→ SUPPLIED MATERIAL
--------------------------------------------------
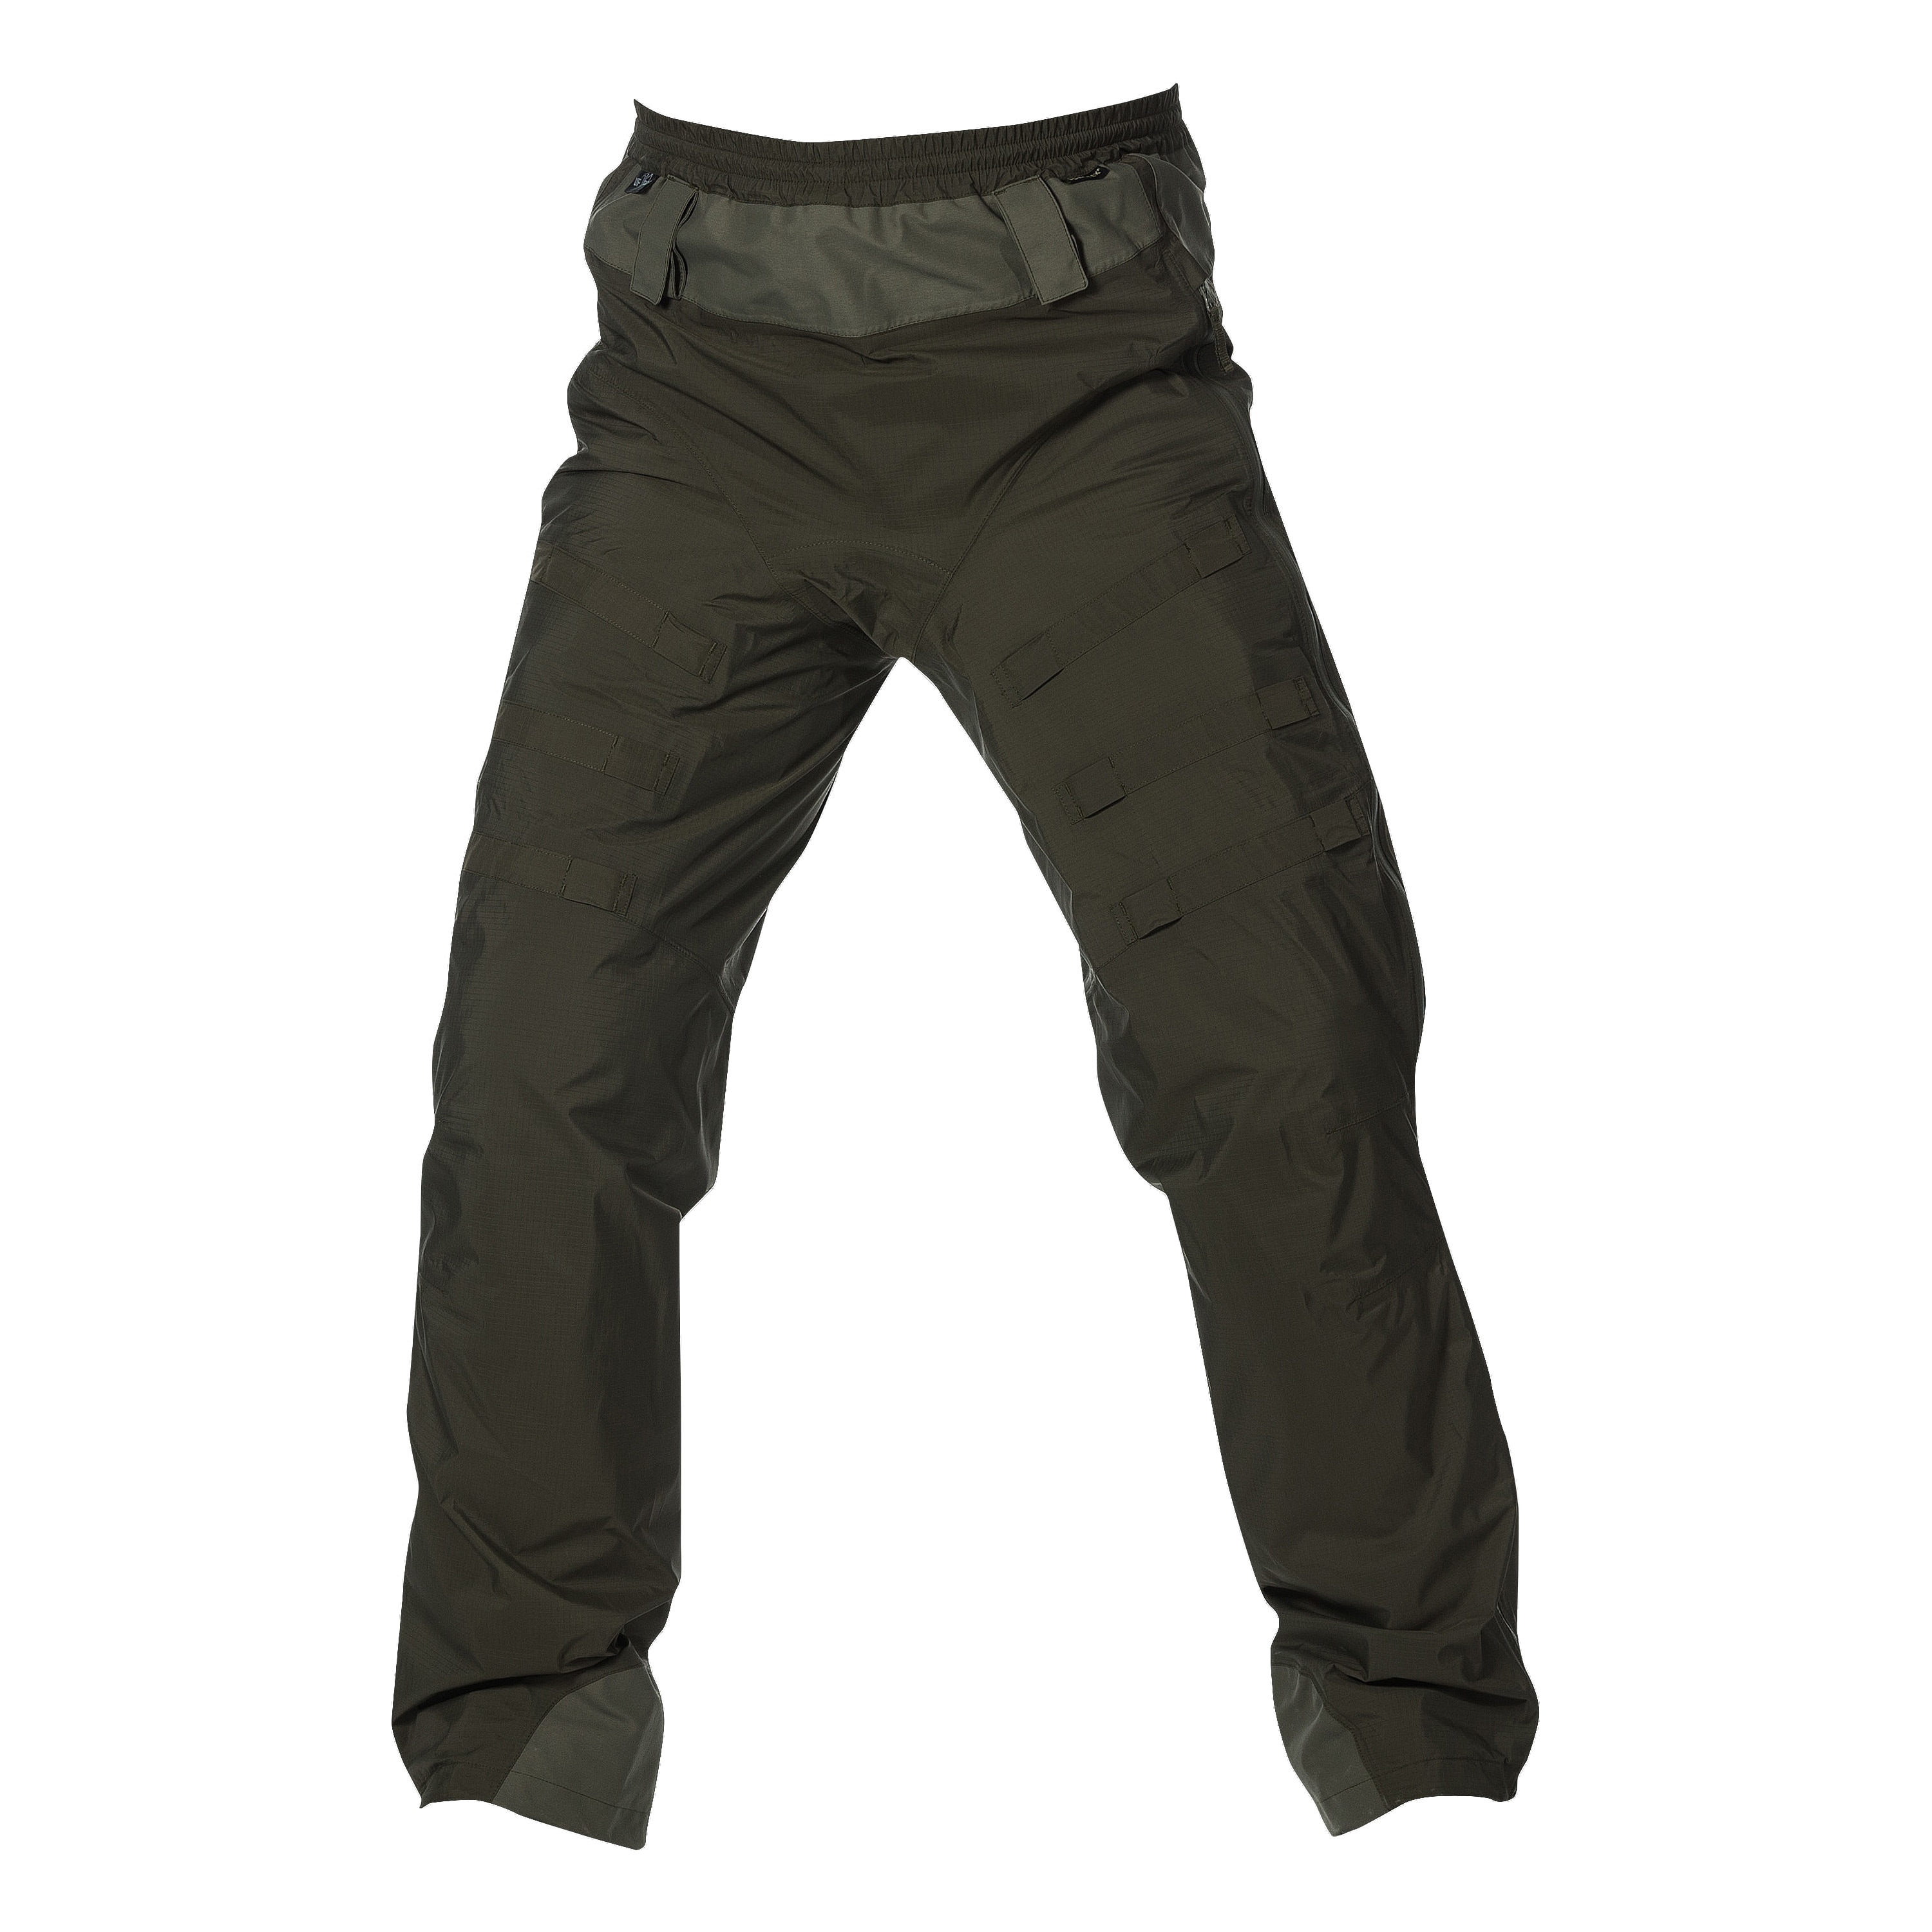 Purchase the UF Pro Rain Pants Monsoon Smallpac olive by ASMC
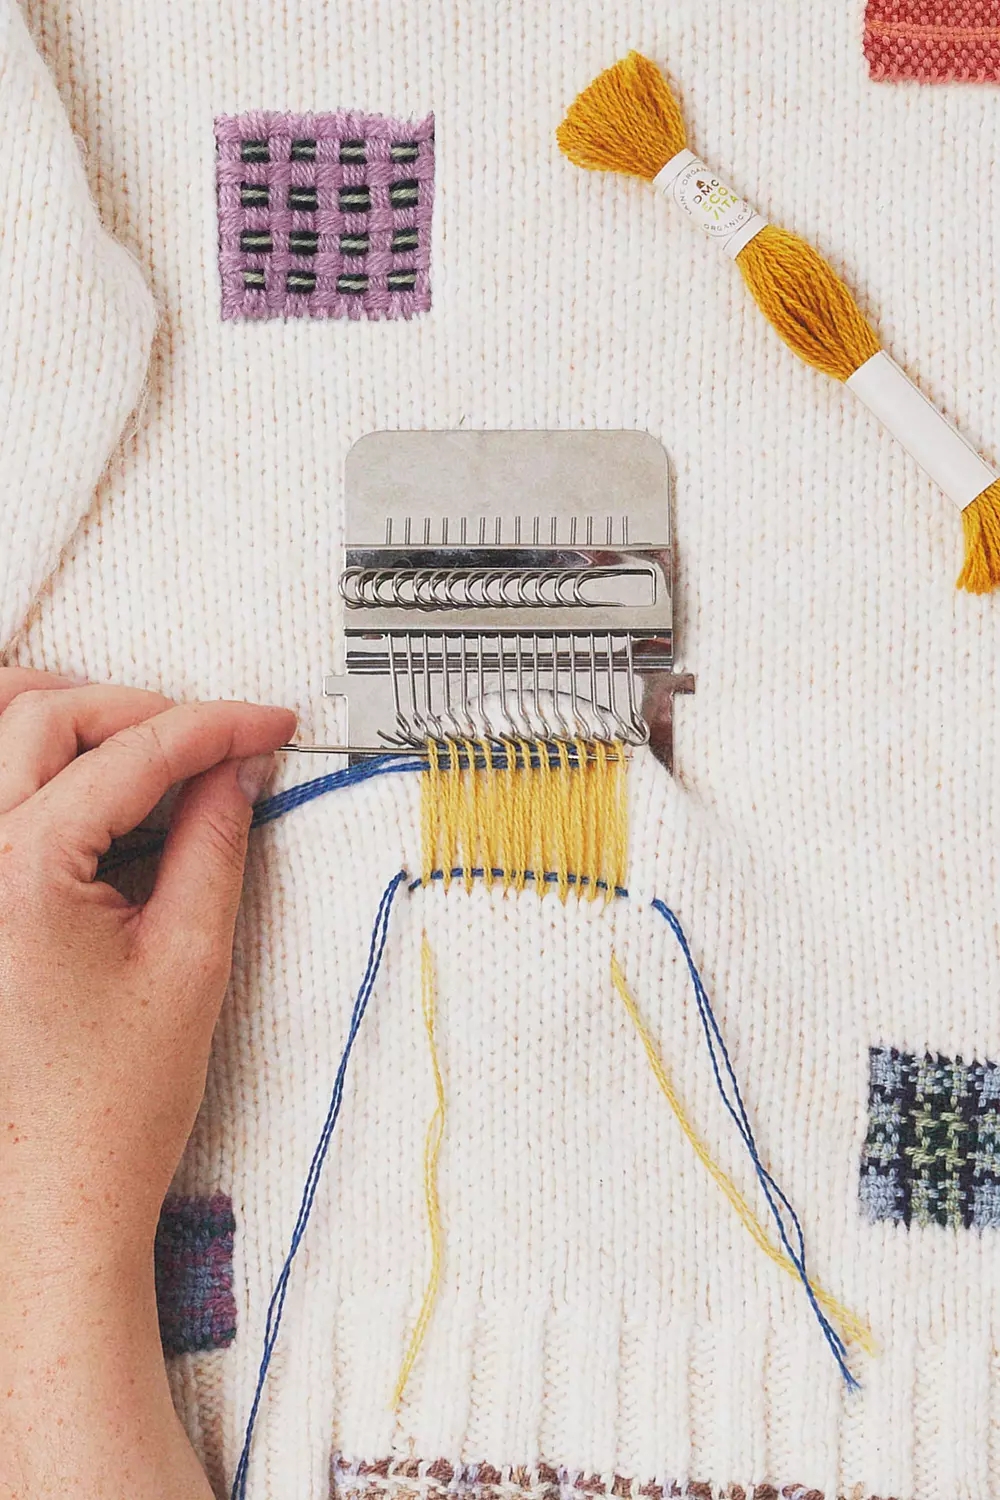 DMC Machine Embroidery Thread at Little Knits
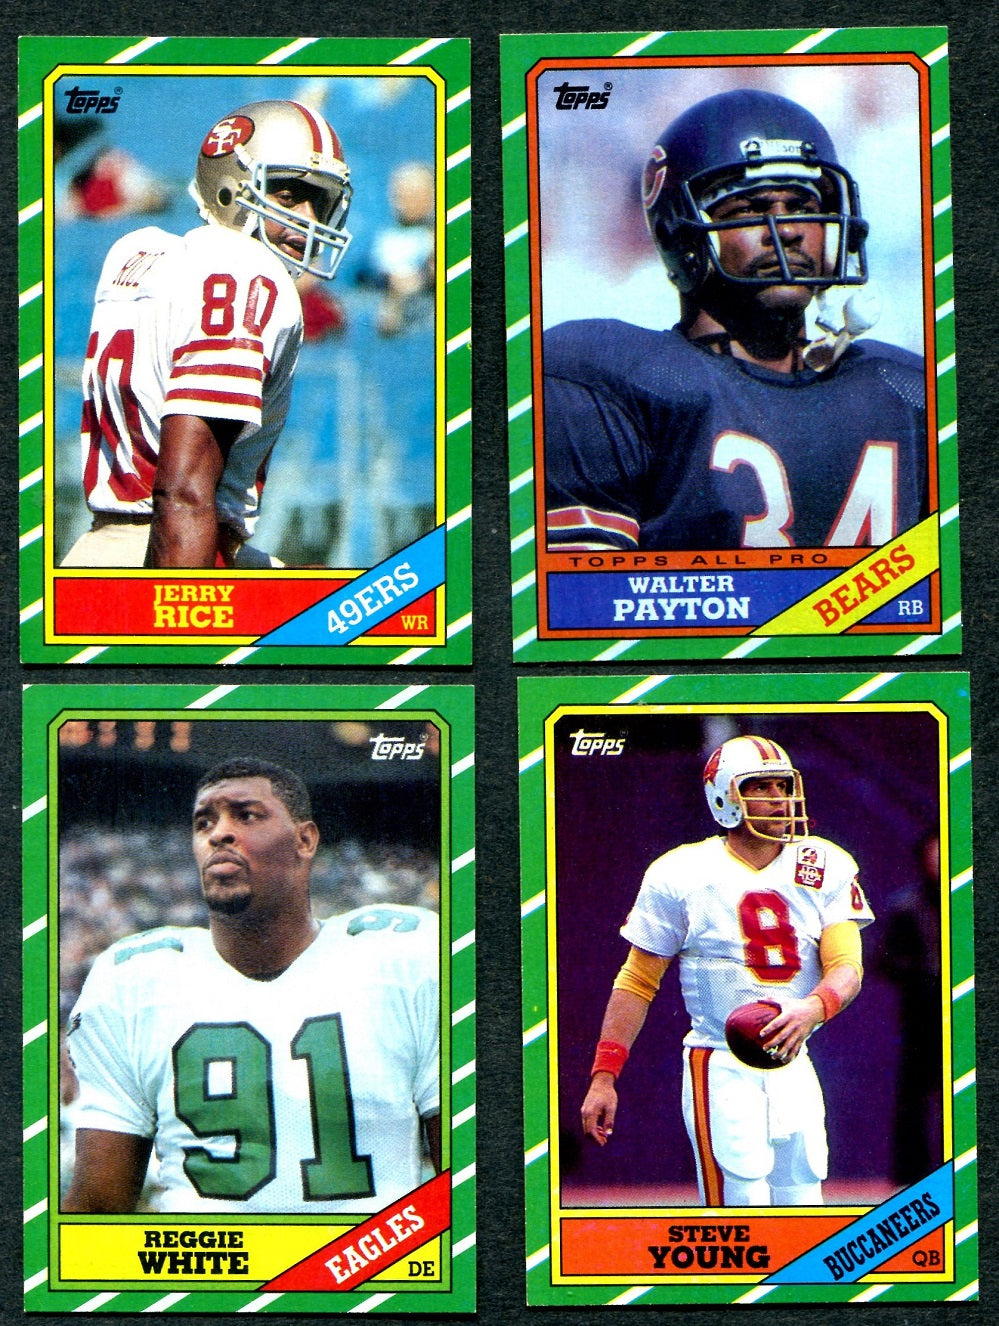 1986 Topps Football Complete Set NM (396) (24-487)
--------------------------------------------------
→ TASK BRIEF
Write out everything in the data word for word. Omit each picture.

→ OUTPUT FOR THIS TASK
 Purchase the UF Pro Rain Pants Monsoon Smallpac olive by ASMC
 DMC Machine Embroidery Thread at Little Knits
 1986 Topps Football Complete Set NM (396) (24-487)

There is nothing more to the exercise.